In addition, the inspectors reviewed CRs related to the heat exchangers and heat sink to verify that the licensee had an appropriate threshold for identifying issues and to evaluate the effectiveness of the corrective actions. Documents reviewed are listed in the Attachment to this report.

These inspection activities constituted two heat sink inspection samples as defined in IP 71111.07-05.

b. Findings

No findings of significance were identified.

1R08 Inservice Inspection (ISI) Activities

From September 25, 2009, through October 7, 2009, the inspectors conducted a review of the implementation of the licensee's ISI program for monitoring degradation of the reactor coolant system (RCS), steam generator tubes, emergency feedwater systems, risk-significant piping and components, and containment systems.

The inspections described in Sections 1R08.1, 1R08.2, 1R08.3, 1R08.4, and 1R08.5 below constituted one inservice inspection sample as defined in IP 71111.08-05.

.1 Piping Systems ISI

a. Inspection Scope

The inspectors observed and reviewed records of the following nondestructive examinations mandated by the American Society of Mechanical Engineers (ASME)

Section XI Code to evaluate compliance with the ASME Code Section XI and Section V requirements and if any indications and defects detected were detected, to determine if these were dispositioned in accordance with the ASME Code or an NRC approved alternative requirement:

  • ultrasonic examination of class 2, 6-inch circumferential weld on SI gas collection chamber, weld M-1952/SI-W603;
  • ultrasonic examination of class 2, 6-inch circumferential weld on SI gas collection chamber, weld M-1952/SI-W604;
  • dye penetrant testing (PT) of class 2, 6-inch circumferential weld on SI gas collection chamber, weld SI-W603;
  • PT of class 2, 6-inch circumferential weld on SI gas collection chamber, weld SI-W604;
  • PT of class 2, integrally welded attachment weld on SI gas collection chamber, weld SI-H109;
  • PT of a class 1, 2-inch chemical and volume control (CVC) elbow-to-pipe weld CVC-W166S (summary number K1.B9.40.141);
  • visual examination (VT-3) of class 1, valve-motor-reactor coolant pump (RCP)loop "A" supply to residual heat removal (RHR) pumps, "ISIM-957-1SH1/RHR-1A"; and
  • visual examination (VT-3) of class 1, valve-motor-RCP loop "B" supply to RHR pumps, "ISIM-957-1SH1/RHR-1B.
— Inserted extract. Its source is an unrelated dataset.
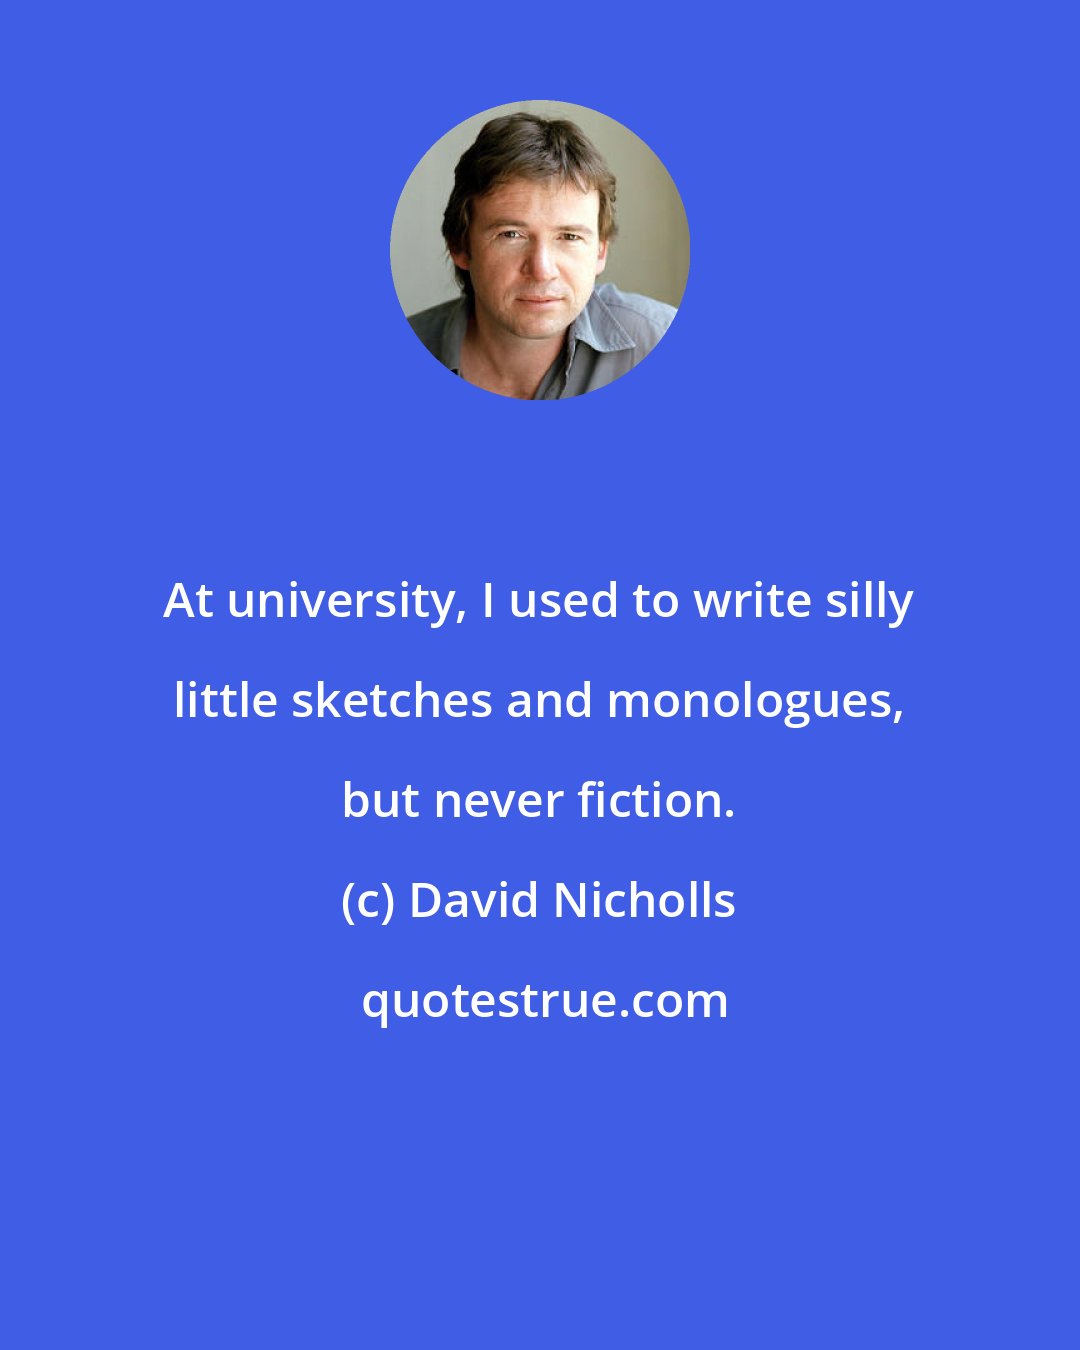 David Nicholls: At university, I used to write silly little sketches and monologues, but never fiction.

The inspectors reviewed the following examination completed during the previous outage with relevant/recordable conditions/indications accepted for continued service to determine if acceptance was in accordance with the ASME Code Section XI or an NRC approved alternative:

  • indication assessment of integrally welded attachment RCP-CS2 for RCP-1A.

The inspectors reviewed the following pressure boundary welds completed for risk-significant systems since the beginning of the last RFO to determine if the licensee applied the preservice non-destructive examinations and acceptance criteria required by the Construction Code and ASME Code,Section XI. Additionally, the inspectors reviewed the welding procedure specification and supporting weld procedure qualification records to determine if the weld procedures were qualified in accordance with the requirements of Construction Code and the ASME Code Section IX:

  • CVC welds 06-140451-1 through 06-14045-5, code class 2, fabricated during replacement of valve CVC-201A; and
  • auxiliary feedwater 2A welds design change request (DCR) 3609-6R&7, code class 2, fabricated during replacement of 3-inch valve-control-auxiliary feedwater pump 1A flow control valve.

b. Findings

(1) Failure to Perform PT Examinations on the Full Code Required Exam Surfaces
Introduction:

The inspectors identified a finding of very low safety significance and associated NCV of 10 CFR 50.55a(g)(4) for the failure to perform PT examinations of the full exam surface on several SI discharge piping gas collection chamber welds in accordance with ASME Section XI Code.

Description:

On October 1, 2009, the inspectors identified, through direct observation, that a licensee contract non-destructive examination examiner was not performing PT examinations of the full required surface area of welds SI-W603, SI-W604, and SI-H109. Specifically, the required PT exam surfaces of the SI gas collection chamber welds (SI-W603, SI-W604, and SI-H109, code class 2) should have included the welds plus the area from the toe of the welds to the surface area 1/2-inch adjacent to either side of the weld toe. The developer, which would normally dry to a white residue shortly after application to a warm surface, and aid in determining the extent of application, remained somewhat translucent when applied to the cooler surfacemasking the extent of coverage. This resulted in the examiner's failure to coat the full required Code areas of the welds under examination, and the failure to recognize the lack of coverage.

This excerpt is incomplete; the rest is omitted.